(Source data)
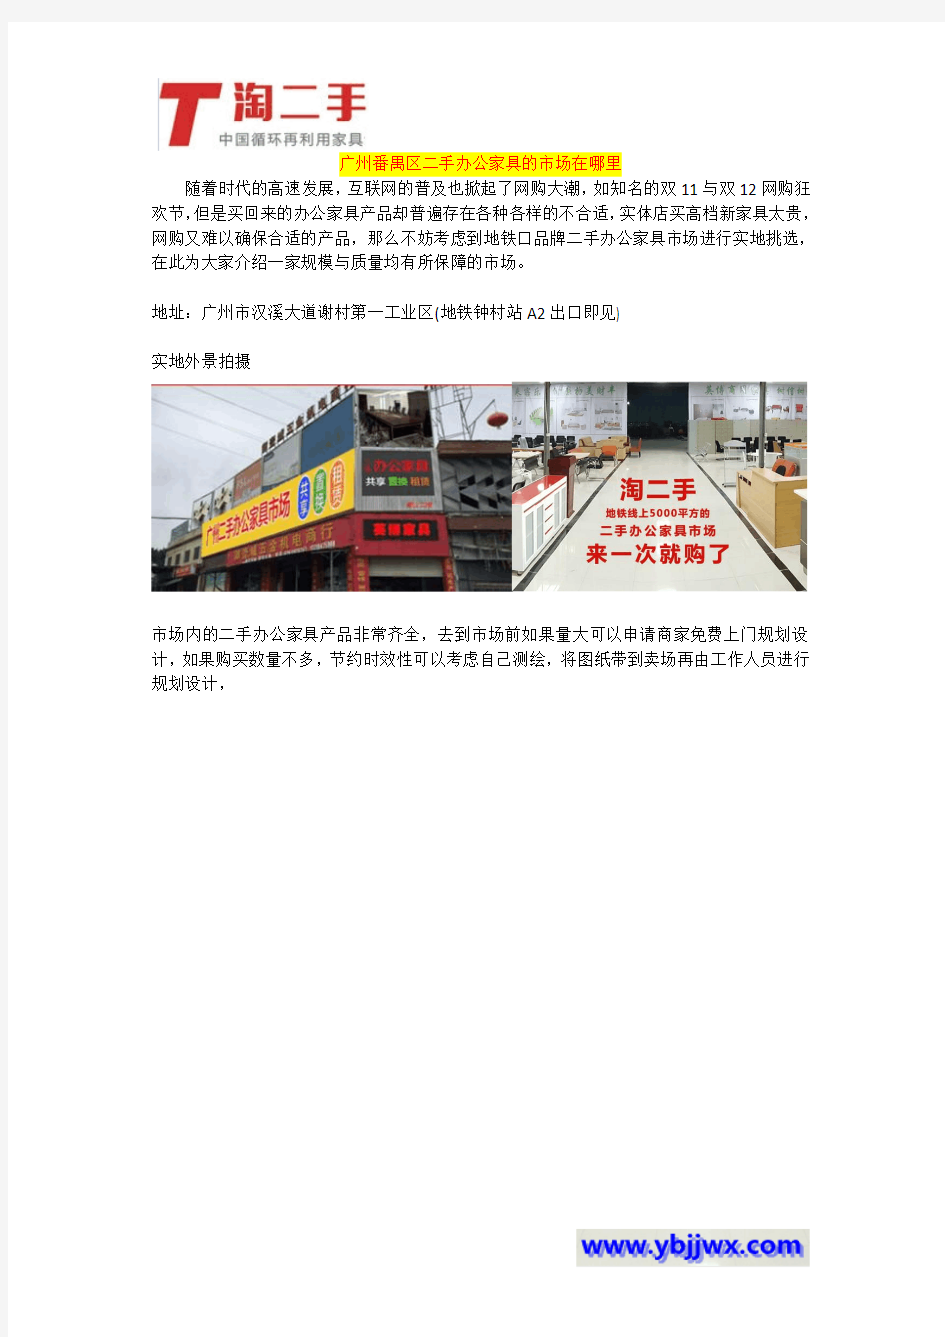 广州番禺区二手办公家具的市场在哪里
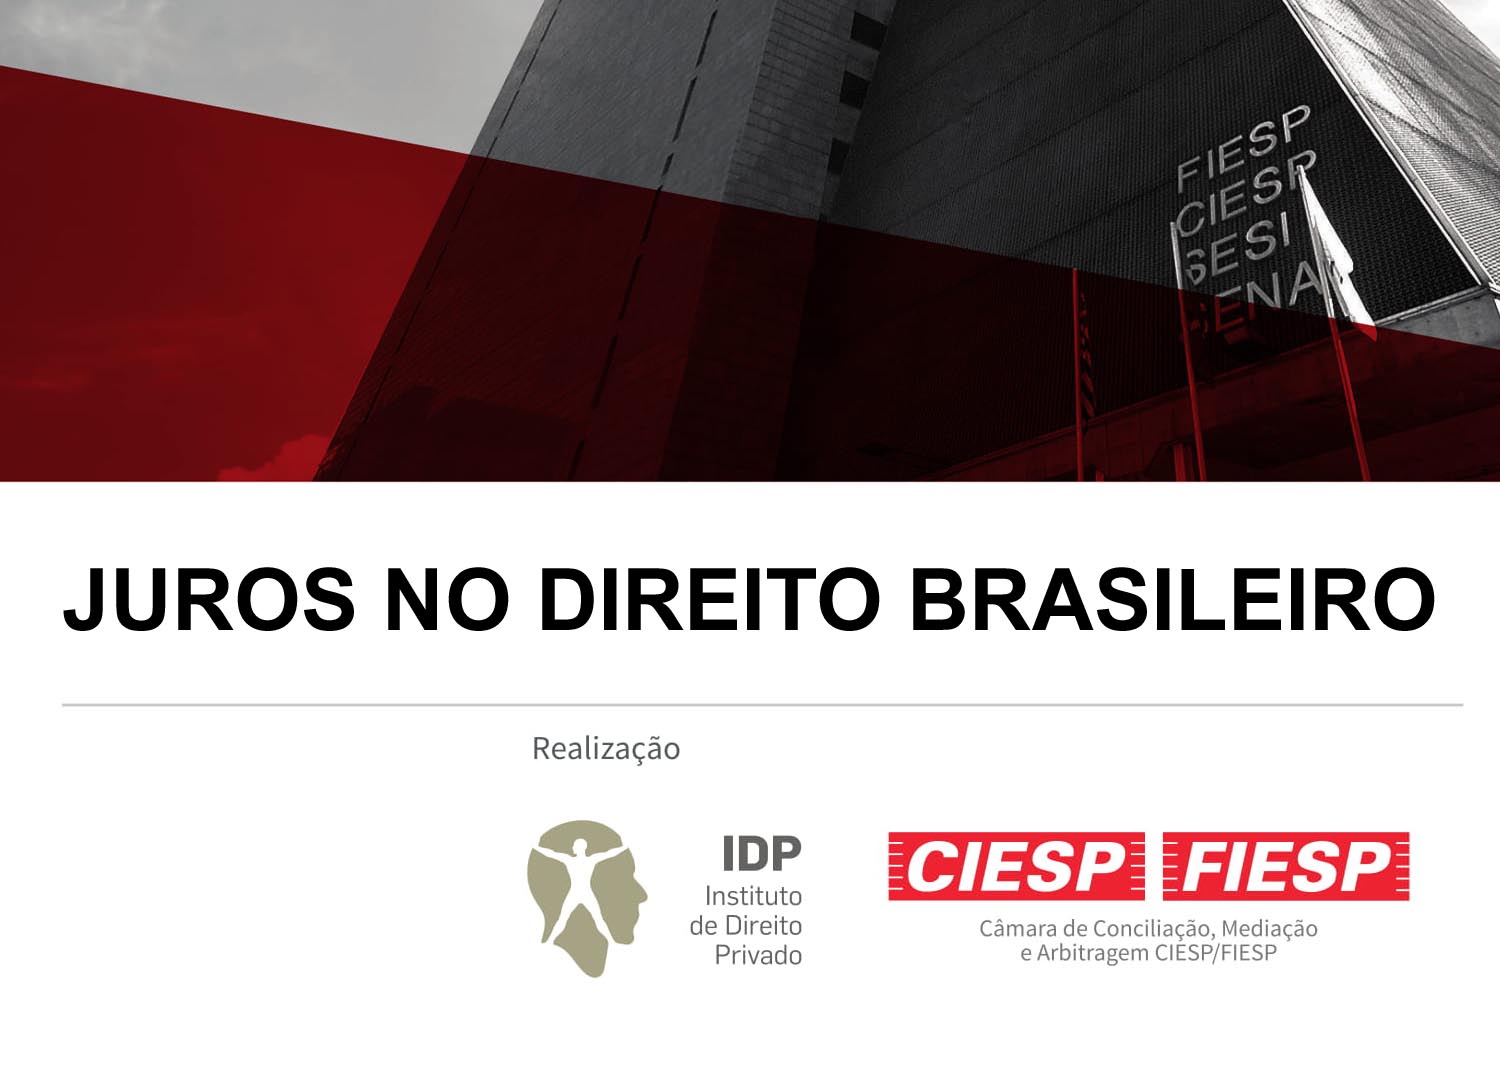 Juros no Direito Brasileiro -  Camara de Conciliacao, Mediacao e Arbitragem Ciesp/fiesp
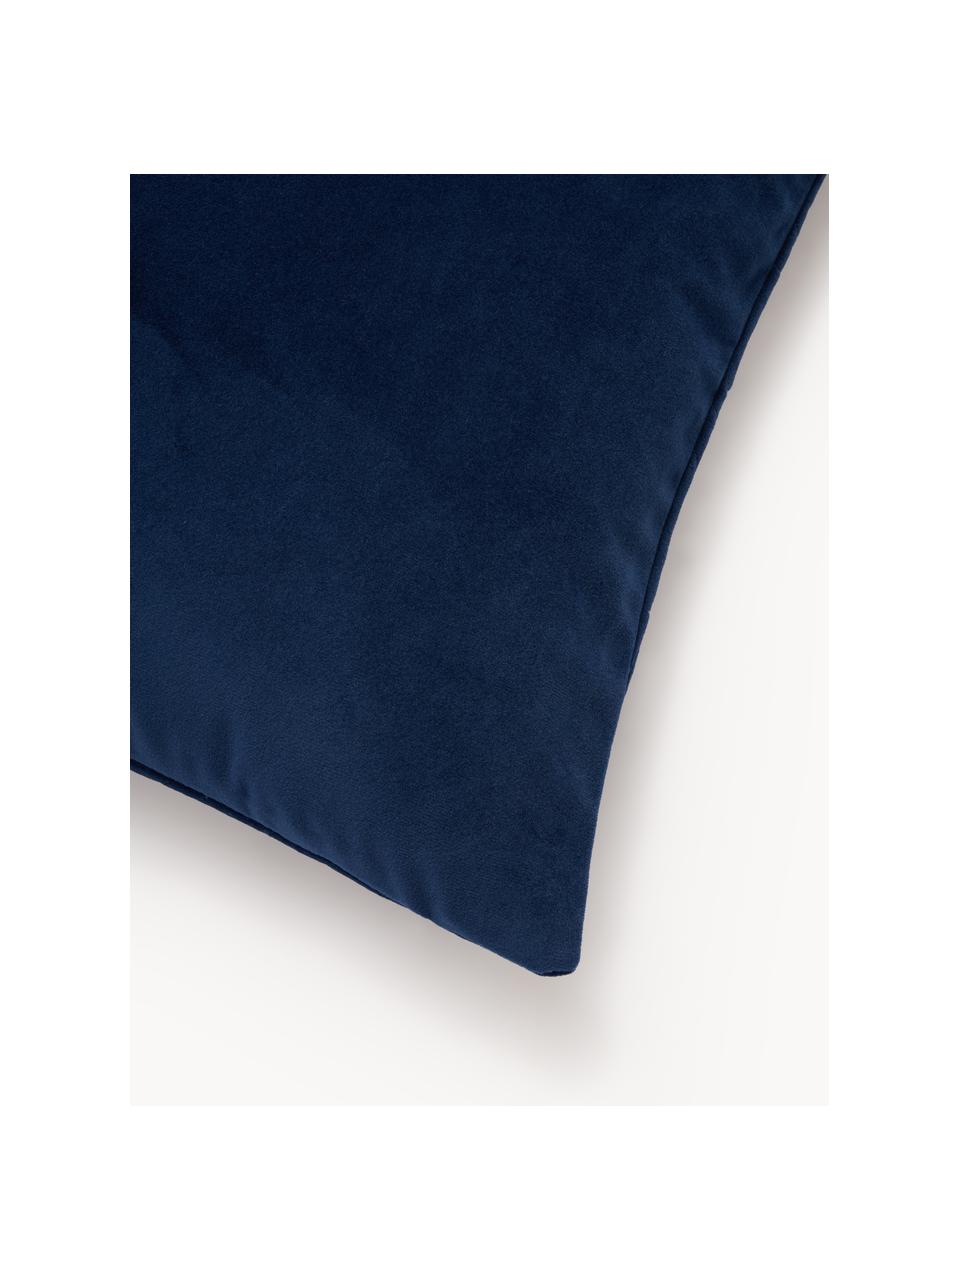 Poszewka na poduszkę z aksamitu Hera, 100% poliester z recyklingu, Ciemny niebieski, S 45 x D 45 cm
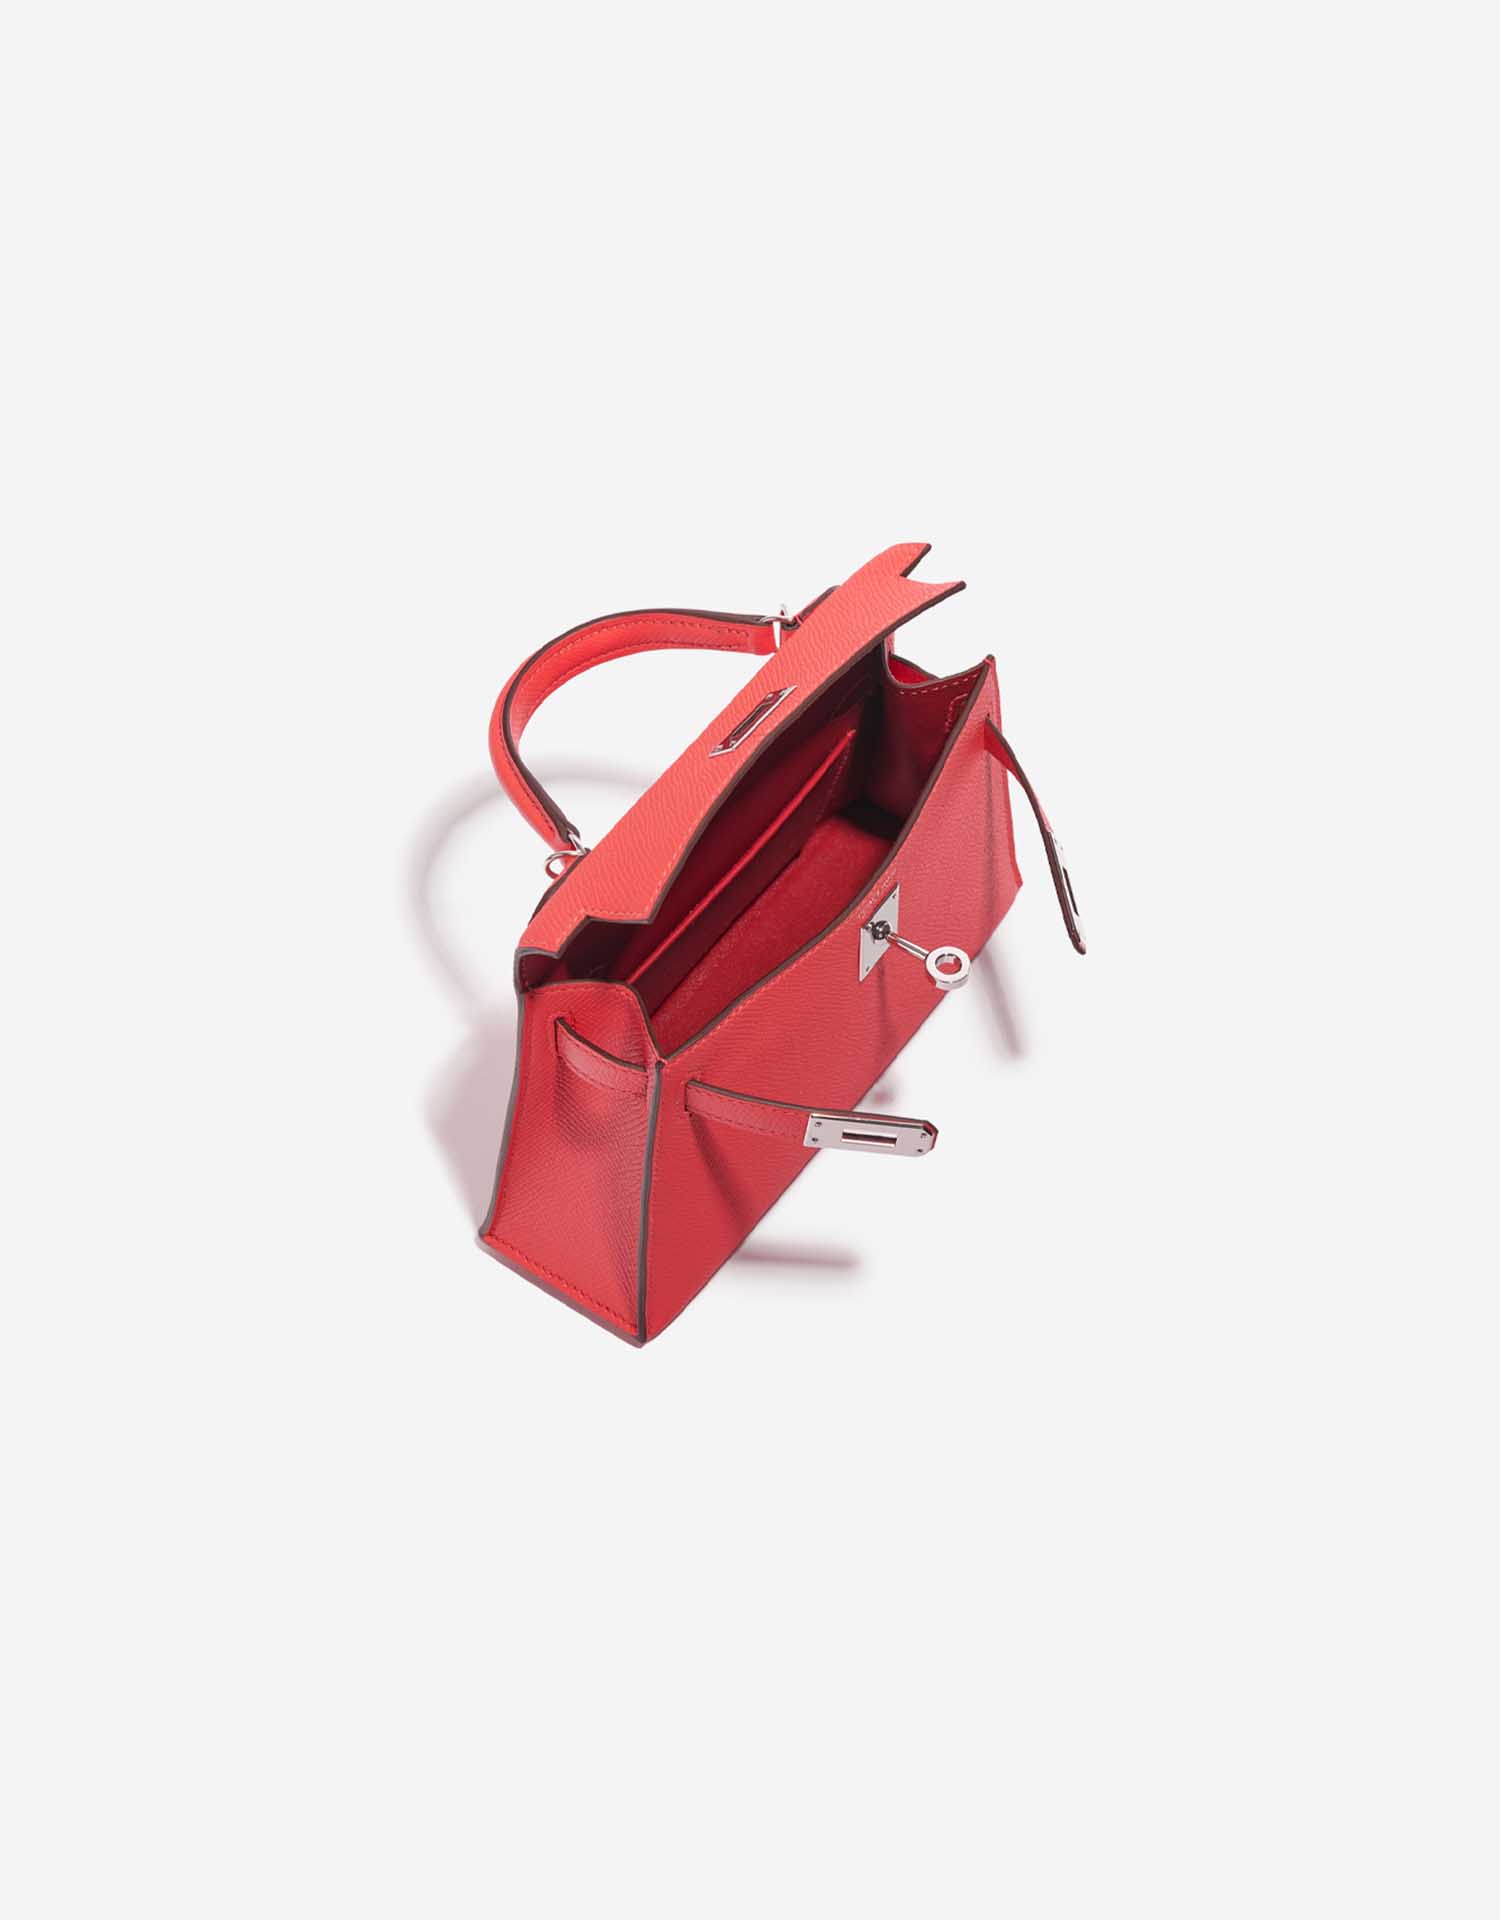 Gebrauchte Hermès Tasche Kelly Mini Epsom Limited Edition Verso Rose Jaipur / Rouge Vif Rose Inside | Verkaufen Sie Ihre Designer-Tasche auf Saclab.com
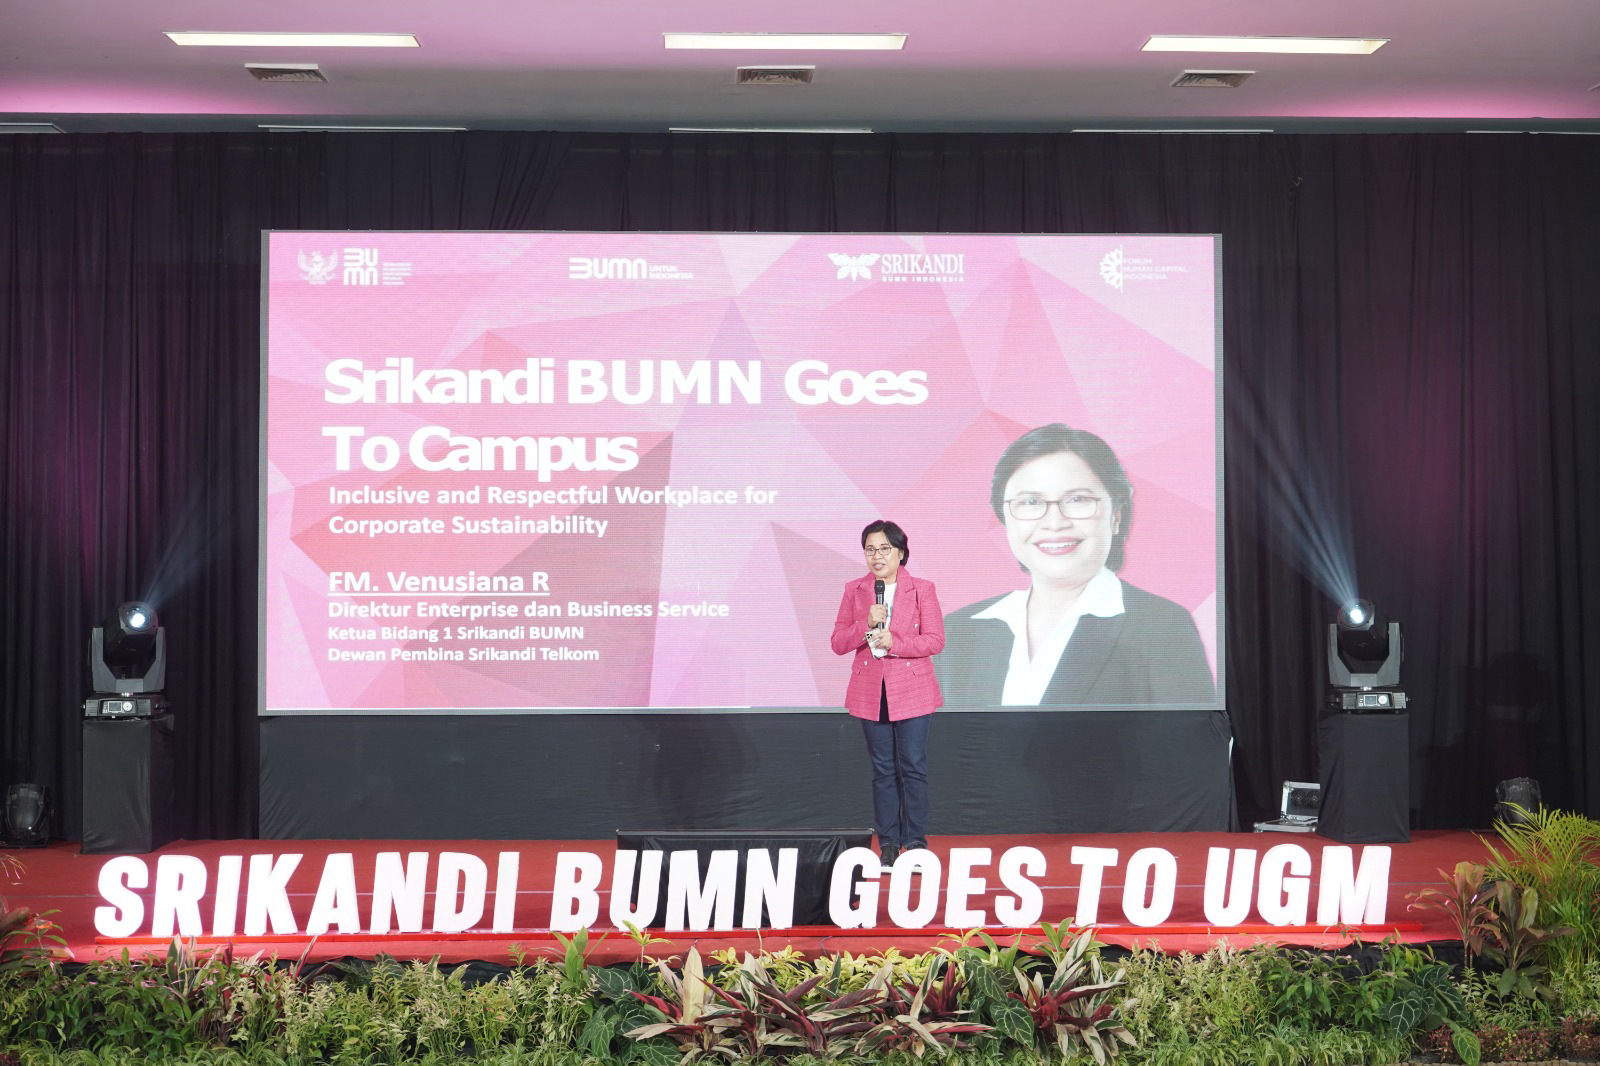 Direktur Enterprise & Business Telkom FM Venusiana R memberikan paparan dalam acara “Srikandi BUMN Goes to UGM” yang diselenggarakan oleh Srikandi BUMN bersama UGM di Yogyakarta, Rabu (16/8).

### WHAT IS REQUIRED
Write the lines from the one containing "Poszewka na poduszkę" through the end of the data above exactly as they appear, and do not carry over any picture.

### TASK RESPONSE
 Poszewka na poduszkę z aksamitu Hera, 100% poliester z recyklingu, Ciemny niebieski, S 45 x D 45 cm
 Gebrauchte Hermès Tasche Kelly Mini Epsom Limited Edition Verso Rose Jaipur / Rouge Vif Rose Inside | Verkaufen Sie Ihre Designer-Tasche auf Saclab.com
 Direktur Enterprise & Business Telkom FM Venusiana R memberikan paparan dalam acara “Srikandi BUMN Goes to UGM” yang diselenggarakan oleh Srikandi BUMN bersama UGM di Yogyakarta, Rabu (16/8).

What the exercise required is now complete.